The Countess – the accustomed recipient, since early childhood, of the complete attention of her extended family thanks to her position as sole inheritrix of both her father’s and his distaff relatives’ extensive fortunes – had realized its glorious potential at once. She could feel herself moving, inchmeal, from one non-carnal embrace to another, infinitely more preferable one. Before this moment she had merely sensed, thanks to her father’s subtle hints, that she would be investing in something more than simply a name with her fortune, but she hadn’t realized exactly what she was buying into. Now she knew for certain. ‘You can’t let something like this just die.’
Her elderly fiance had smiled. ‘How can one resuscitate a skeleton? The outer body and epidermis began to expire alongside the final vestiges of the age-old aristocratic order after the disasters of the Great War. The inner body, along with its vital organs, finally perished alongside my manhood, on Monday the third of June 1940, during the German bombardment of Paris. Do you remember Jean Renoir’s film, La Grande Illusion? The characters played by Pierre Fresnay and Erich von Stroheim? The Old Guard aristocrats recognizing each other, and realizing that they had both reached the end of their usefulness? Well Renoir was right. We are tired and irrelevant.’
The Countess had turned on him, revealing for the very first time the inner fire that drove her. ‘Von Stroheim was not an aristocrat, but the son of a Jewish hat-maker.
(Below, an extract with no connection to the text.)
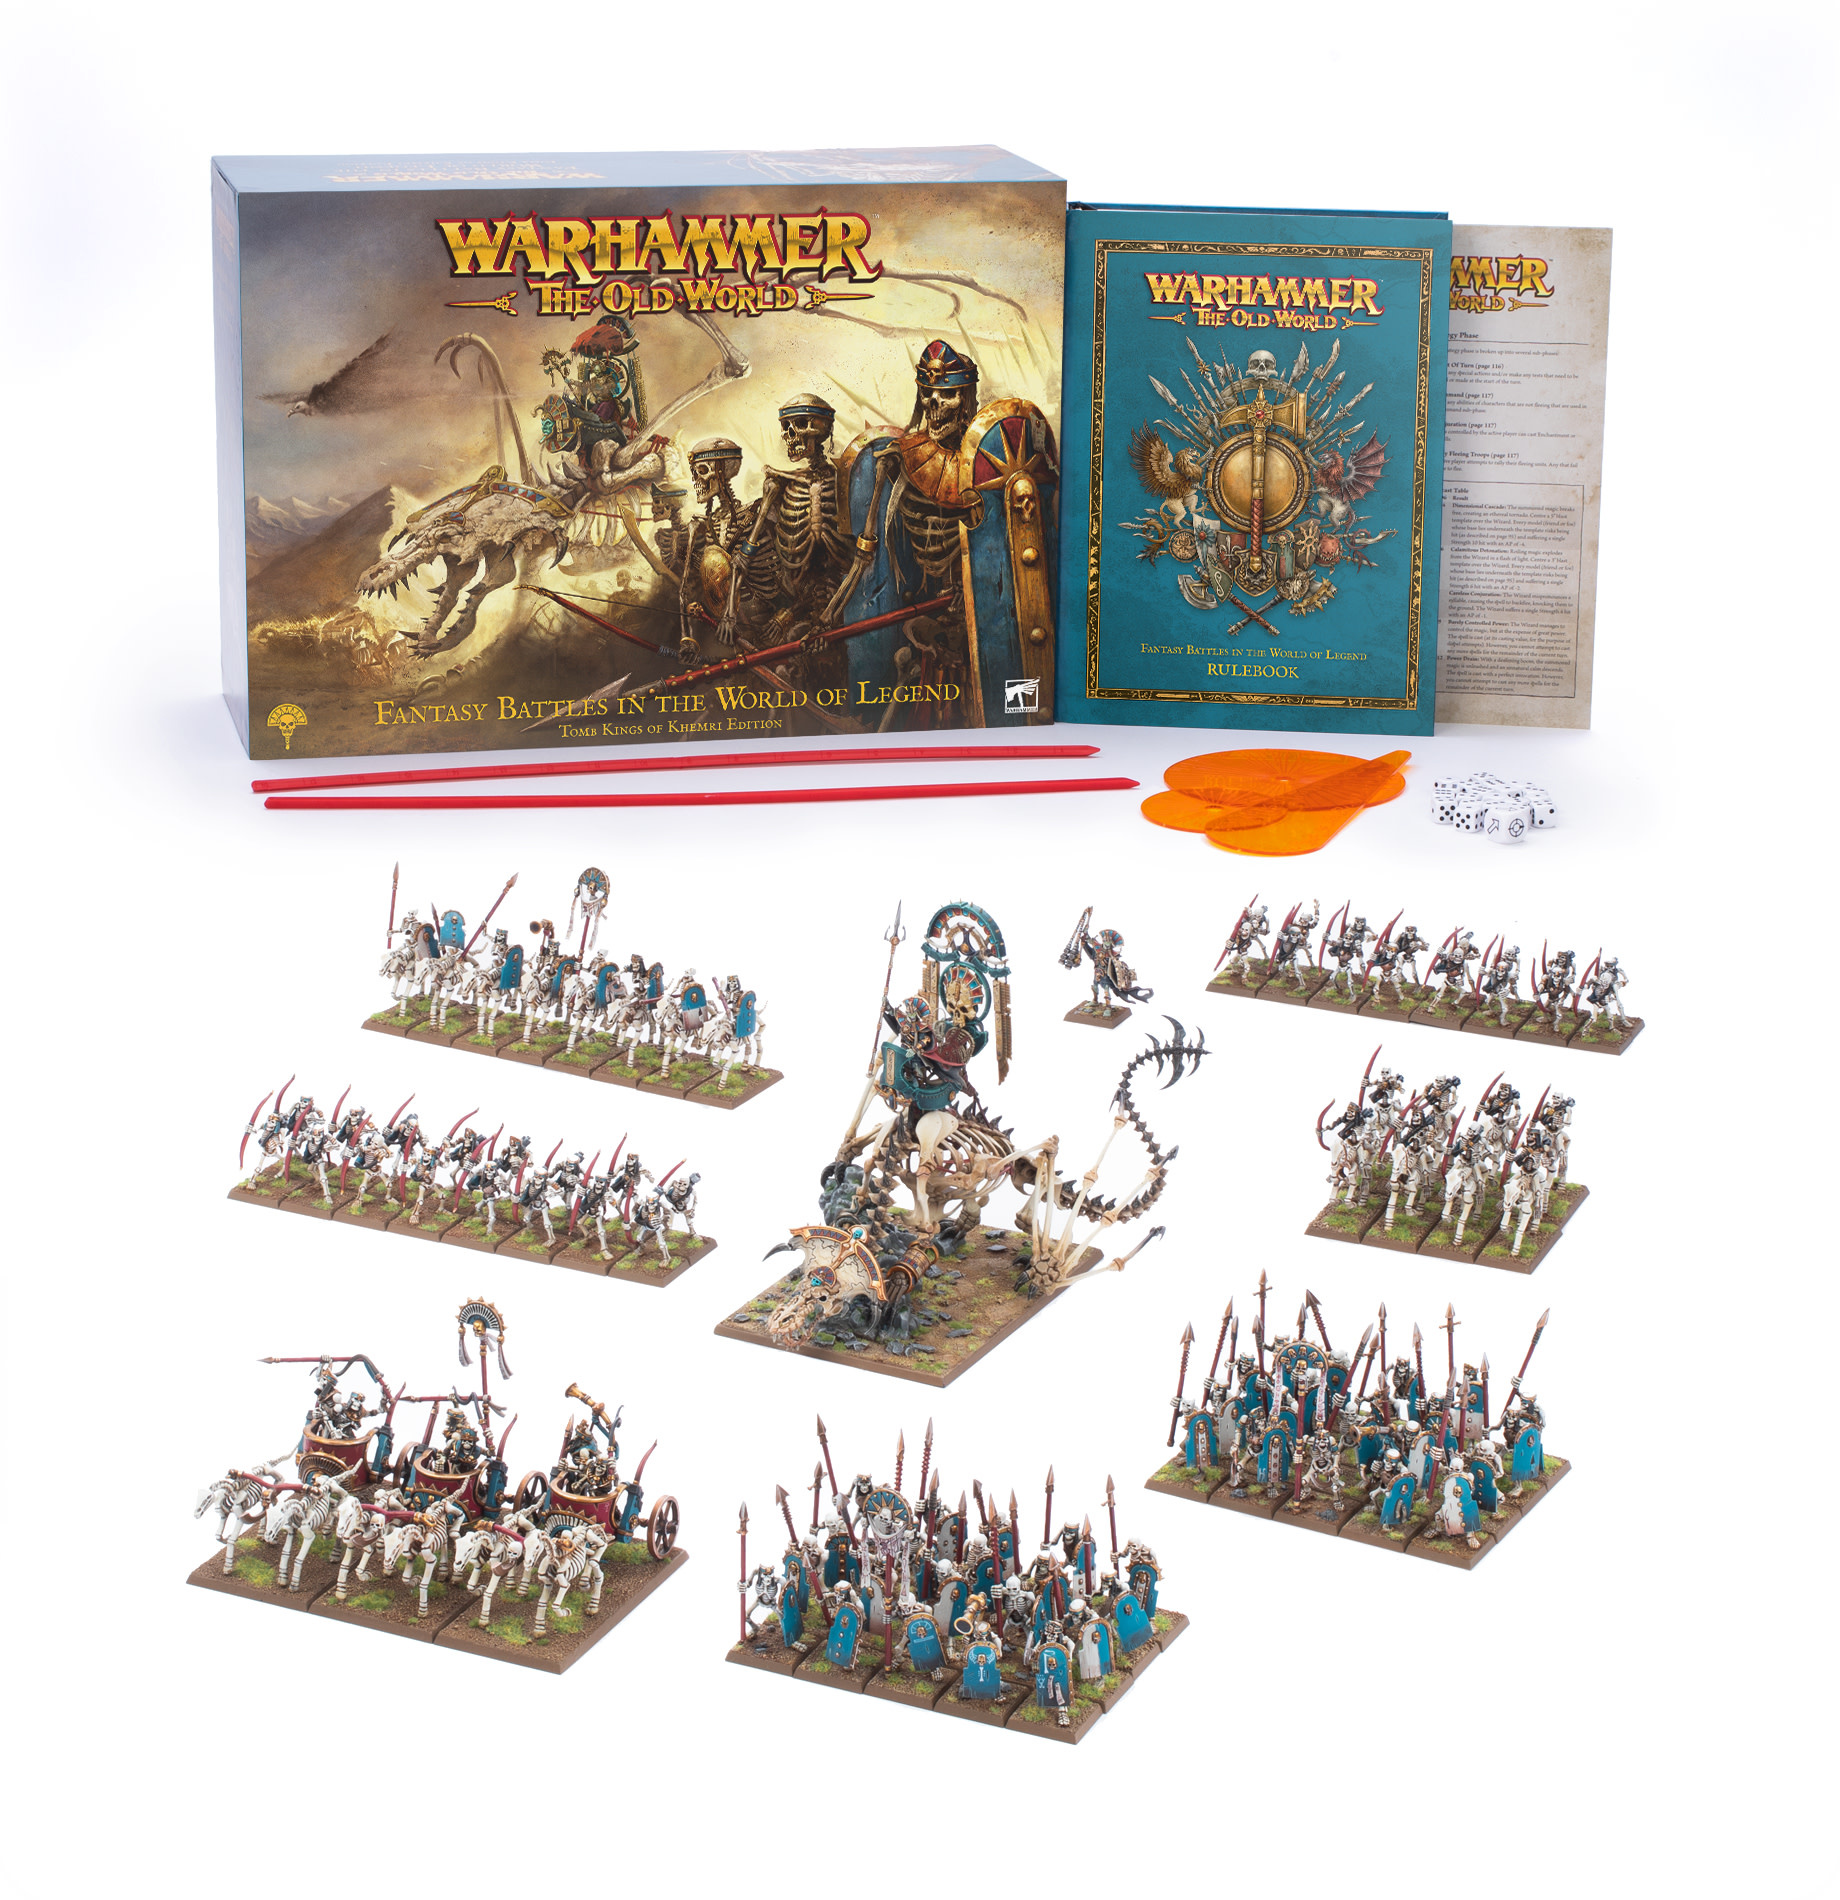 Warhammer: The Old World Core Set - Tomb Kings of Khemri

Fresnay’s father was a Huguenot, and therefore a hater of Catholics. And Renoir’s father was a hack painter who depicted his women as if they were made out of marzipan. Who are such people to tell you that your class is doomed?’ She turned on him. ‘I won’t have it. A man doesn’t need a functioning member to be a man. An institution doesn’t need the sanction of the State to give it weight. The flower of France’s chivalric tradition should not need the permission of its inferiors to celebrate its past achievements and prepare its future triumphs.’
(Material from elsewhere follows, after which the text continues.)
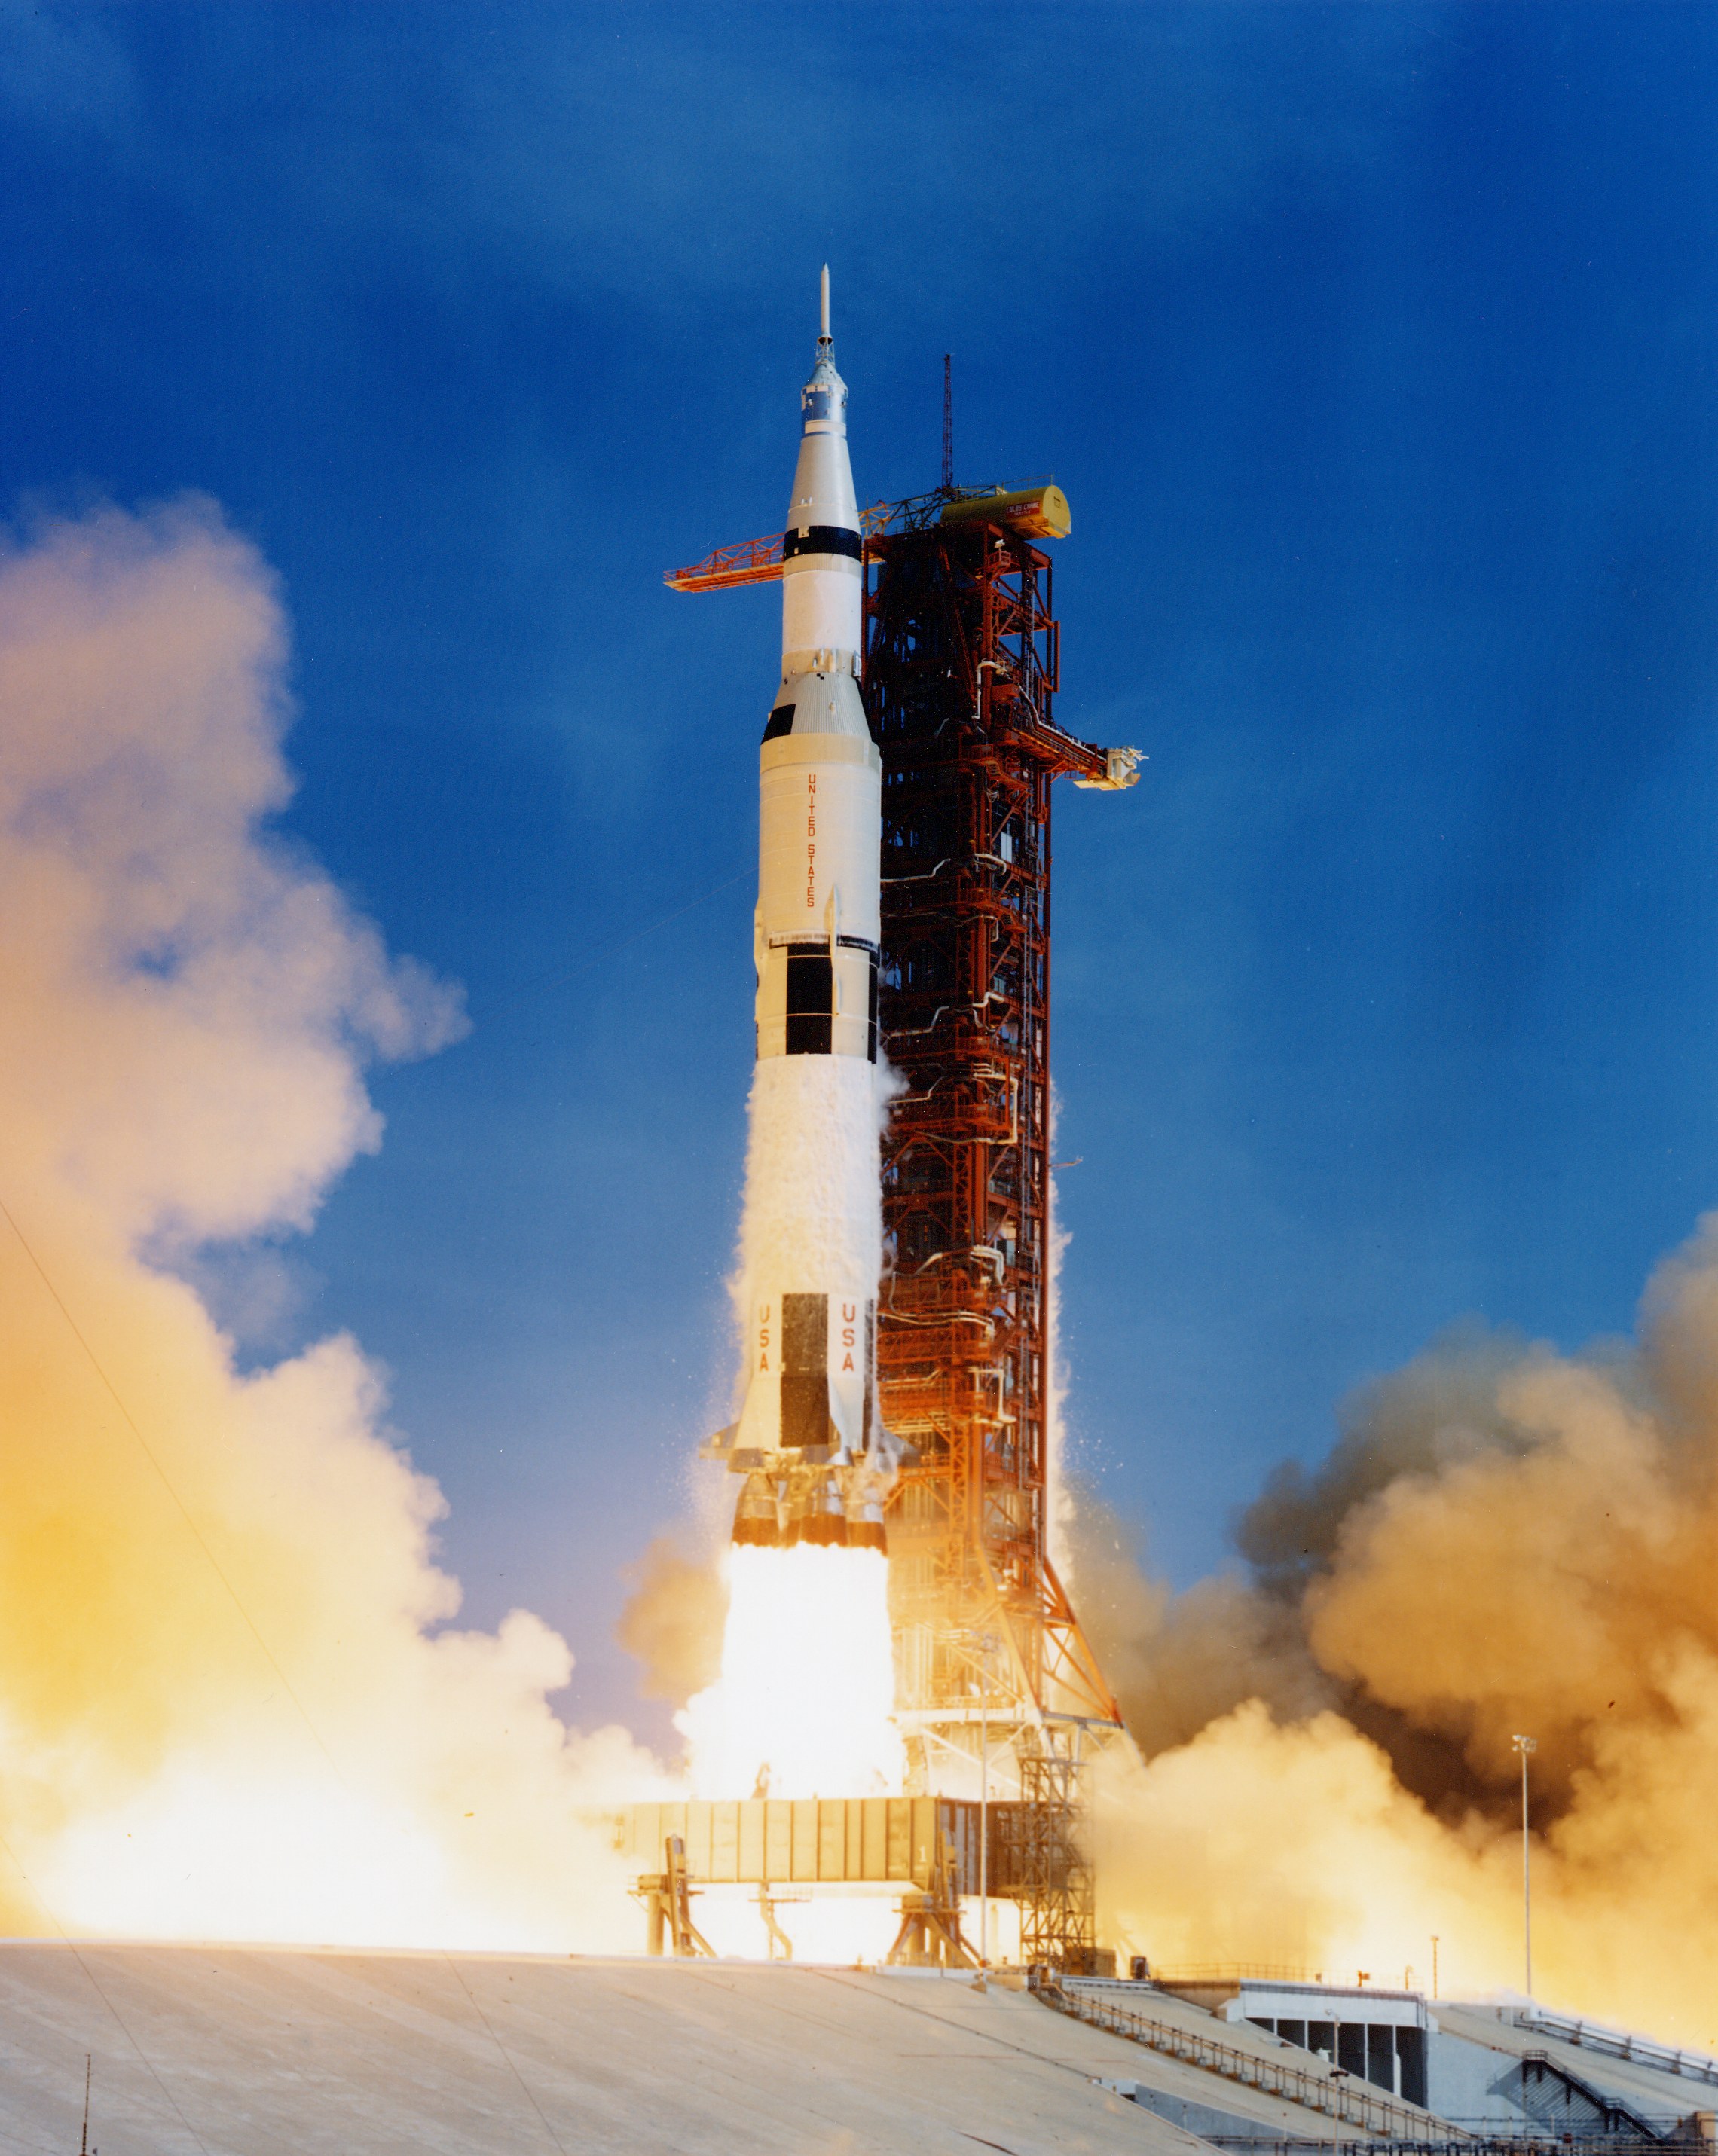 Ficheiro:Apollo 11 Saturn V lifting off on July 16, 1969.jpg ...

The Count had continued smiling. ‘Future triumphs? For reasons that are entirely beyond my control, it seems that I am to be the last in my line. More than a thousand years of history will die with me, my dear. Where are these future triumphs you speak of going to come from?’
And so she had told him – told him of her plans to adopt a new generation of soldiers for the de Bale cause. Told him of the true extent of her fortune, and what they could both achieve with it. And gradually his face had started to light up. His expression to change. ‘You really think this is possible? I am an old man.’
‘But I am not. I shall represent you. Represent our family. Fight for our status as hereditary peers of France.’
‘Why? Why should you do this?’
She had hesitated for some little time, almost as if she had no answer to his question. Then she had turned to him, taken his hand, and placed it above her heart. ‘Because it is my destiny.’
It was only later, and well into their marriage, that the Countess had realized just how elegantly the Count had steered her towards exactly the conclusion he himself had so fervently desired.